North Korea is not a socialist state — it is a totalitarian dictatorship.

[최보식의언론=최보식의언론 ]

KBS 뉴스 캡처
KBS 뉴스 캡처

The death of culture begins quietly.
North Korea announced on the 30th that it had newly selected more than 400 “Model Units of Socialist Lifestyle Culture” nationwide.

This phrase is unfamiliar to South Koreans. What does “model people’s unit” even mean? It is symbolic of a system in which the North Korean regime evaluates and controls its citizens’ daily lives based on political criteria.

What exists inside your home, how you maintain the garden in front of your house, what slogans you put on your wall, what books you read, and what words you use — all of it is monitored and assessed according to the standards of “socialist lifestyle culture.”

This reality is not simply “lifestyle improvement.” It is systemic violence that annihilates cultural freedom — in other words, cultural genocide.

Genocide includes ethnic genocide and political genocide.
Yet there is another form of genocide that academia still fails to address sufficiently: cultural genocide.
This is genocide not by bullets and knives, but by eliminating language, books, emotions, memories, senses, and imagination.

For more than 80 years, North Korea has normalized this cultural genocide — controlling language, banning books, persecuting religion, policing emotions, and severing all ties with the outside world.

Many people ask, “Why don’t the people inside North Korea rise up?”
But that question stems from a misunderstanding of the essence of totalitarianism.

Socialism or communism is merely an economic system.
China is the example.
Because the Chinese Constitution incorporates elements of capitalism, it is entirely different from North Korean-style socialism.

North Korea may enshrine “socialism” in its constitution, but it has never once implemented genuine socialist ideology.
North Korea is not a socialist state — it is a totalitarian dictatorship.
And the fear within it is far deeper and more horrifying than what most imagine.

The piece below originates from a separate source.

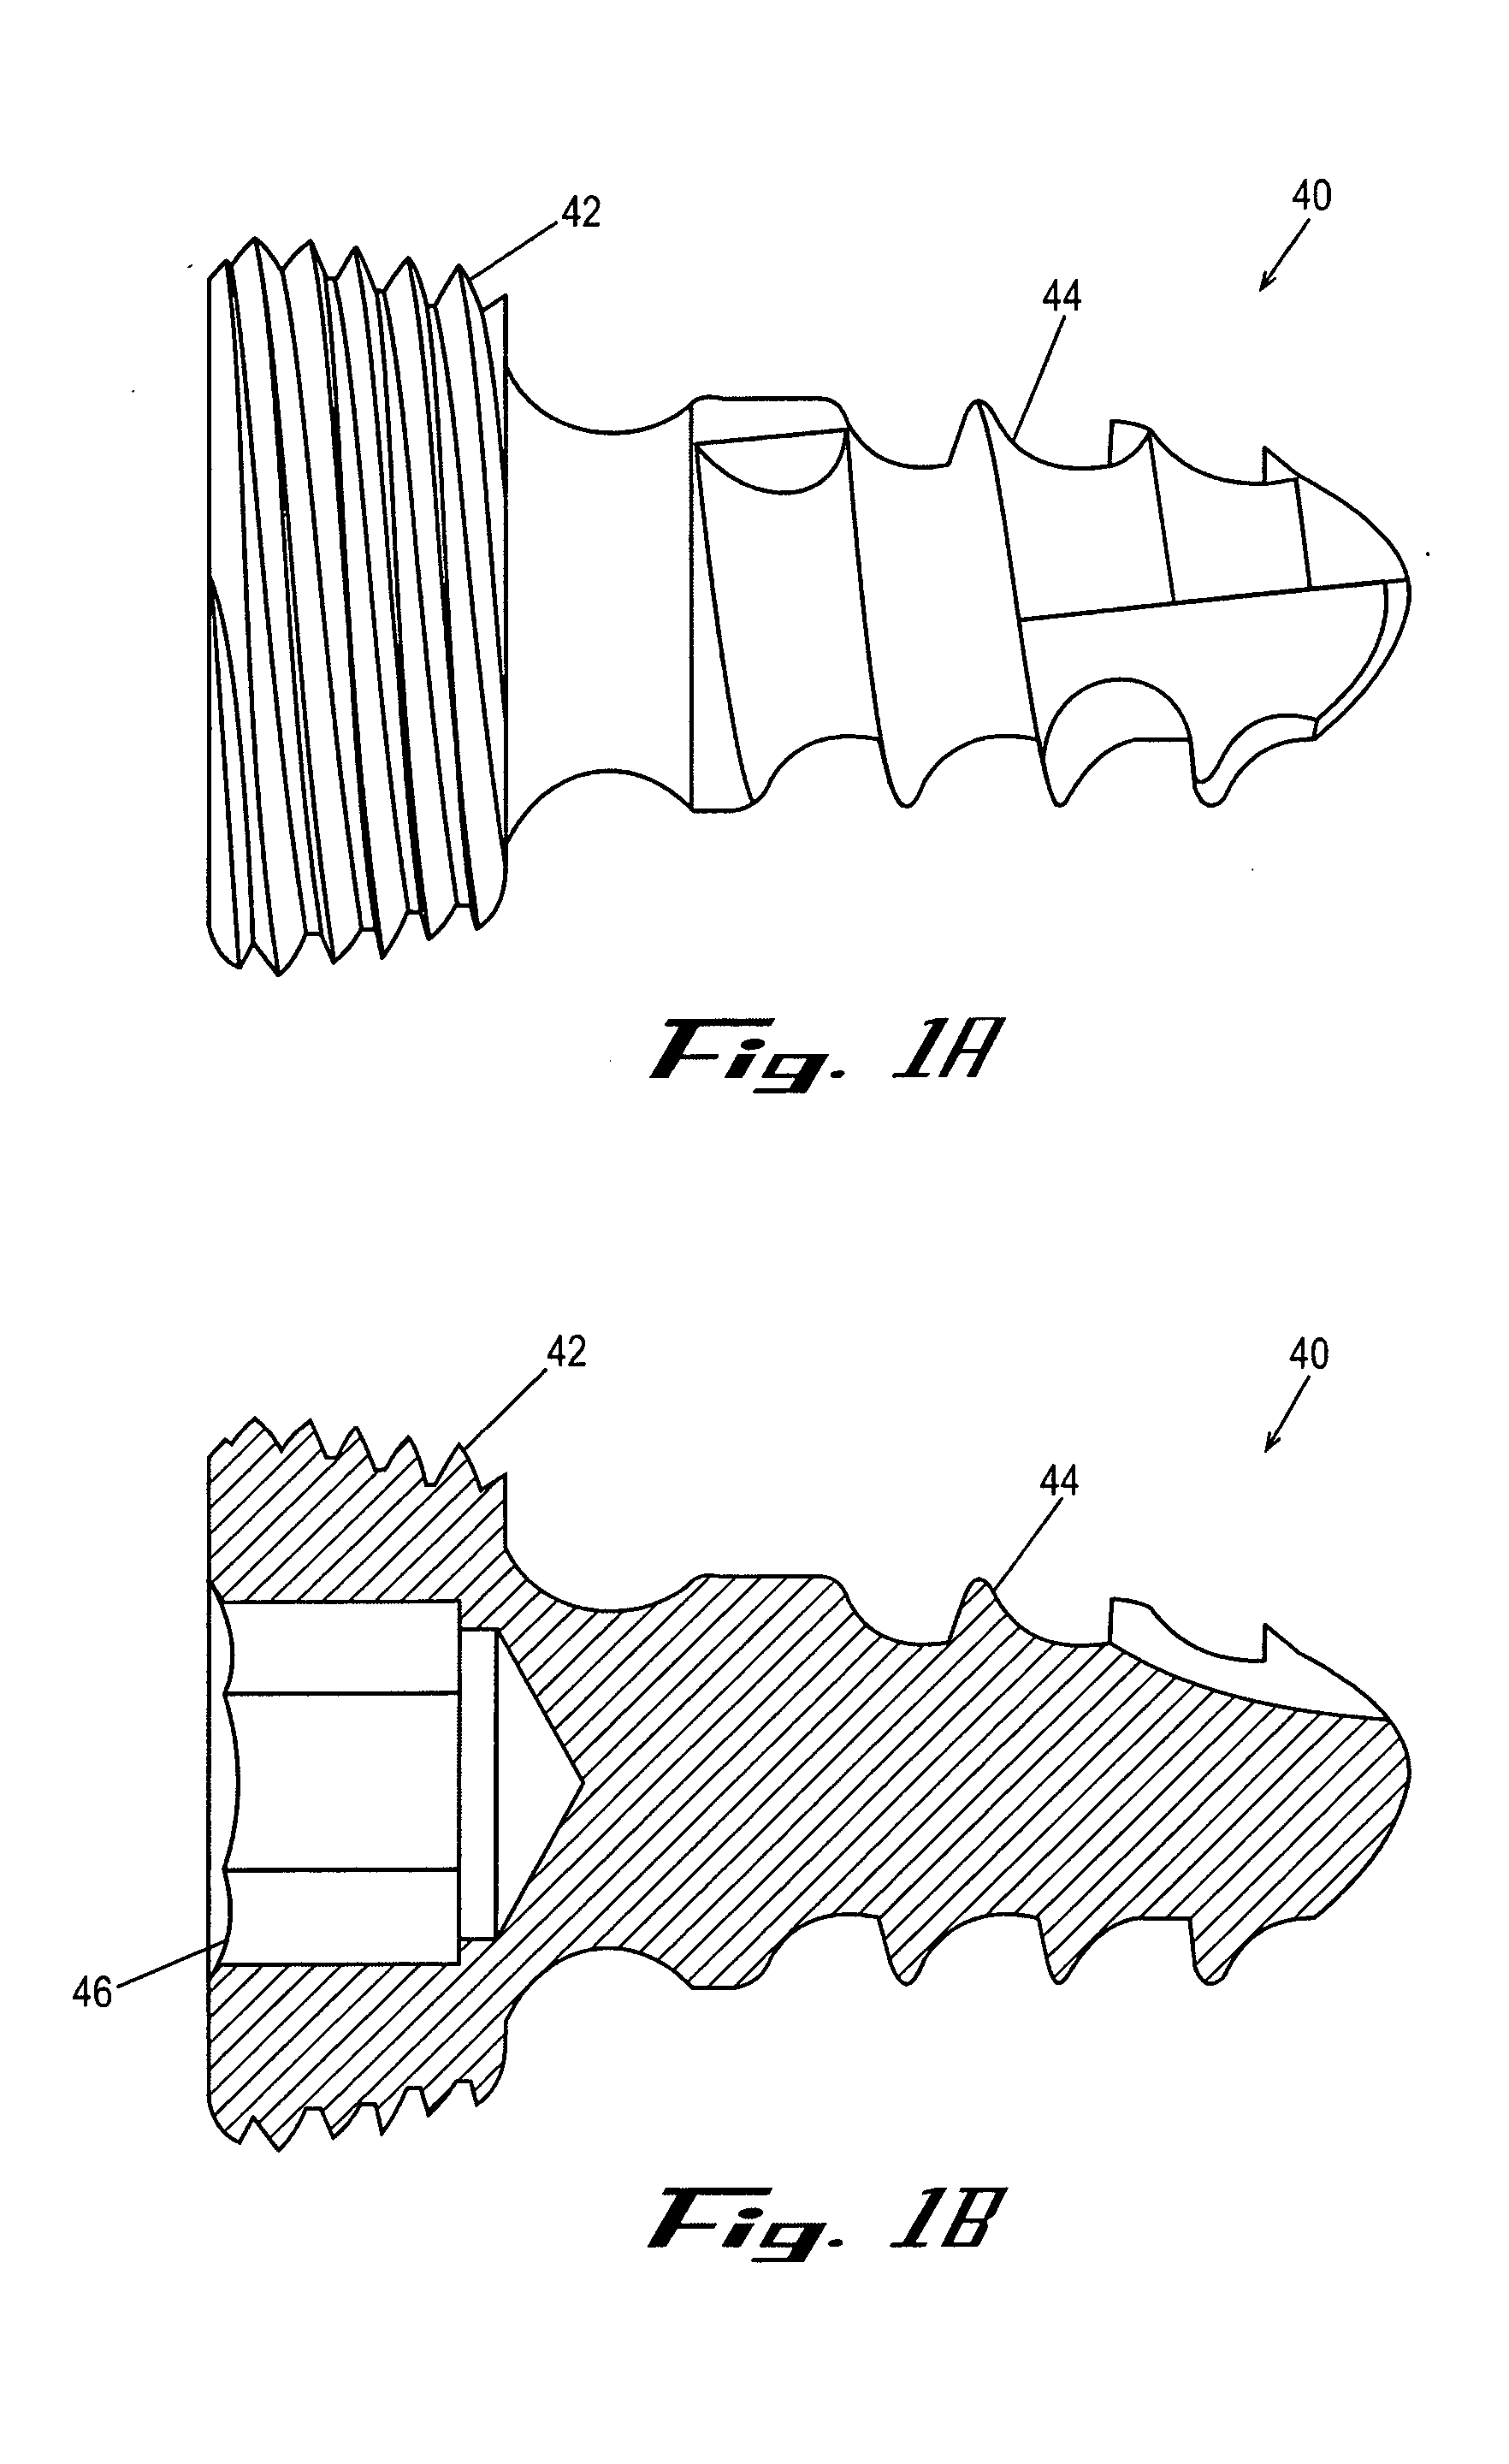 Bone plates and methods for provisional fixation using same

Totalitarianism does not merely forbid negative thoughts.
It forces citizens to display positive emotional loyalty toward the dictator — and demands their lives as collateral.
It controls thought, regulates emotion, dictates behavior, and instructs people on what they must feel and what they must love.
And it packages all of this under the name of “lifestyle culture.”

In short, it is a system that uproots every flower with a different root and forcibly replants flowers of the same color, destroying everything that originally existed.

Examples of cultural genocide in North Korea — clearly visible from the “Three Major Evil Laws” enacted after COVID — include:

  • Language deprivation: banning native Korean expressions; only “Suryong language” allowed

  • Book & publication bans: possession of foreign books punishable by death

  • Religious persecution: destruction of religious sites; total prohibition of religious confession

  • Erasure of cultural heritage: nationalizing or eliminating traditional and folk culture

  • Abolition of basic rights: total ban on freedom of expression, thought, and conscience

  • Economic control: prohibition of independent livelihood; people controlled through state rationing

  • Destruction of education: questions forbidden; comparison equals betrayal; all subjects revolve around the Supreme Leader; schools function as propaganda institutions; teachers act as monitors, not educators

These are not merely acts of political oppression — they erase the very sensory experience of life. This is cultural extermination.

Is South Korean society safe today?
To what extent are unions, publishing, the media, and the education sector resisting totalitarian language?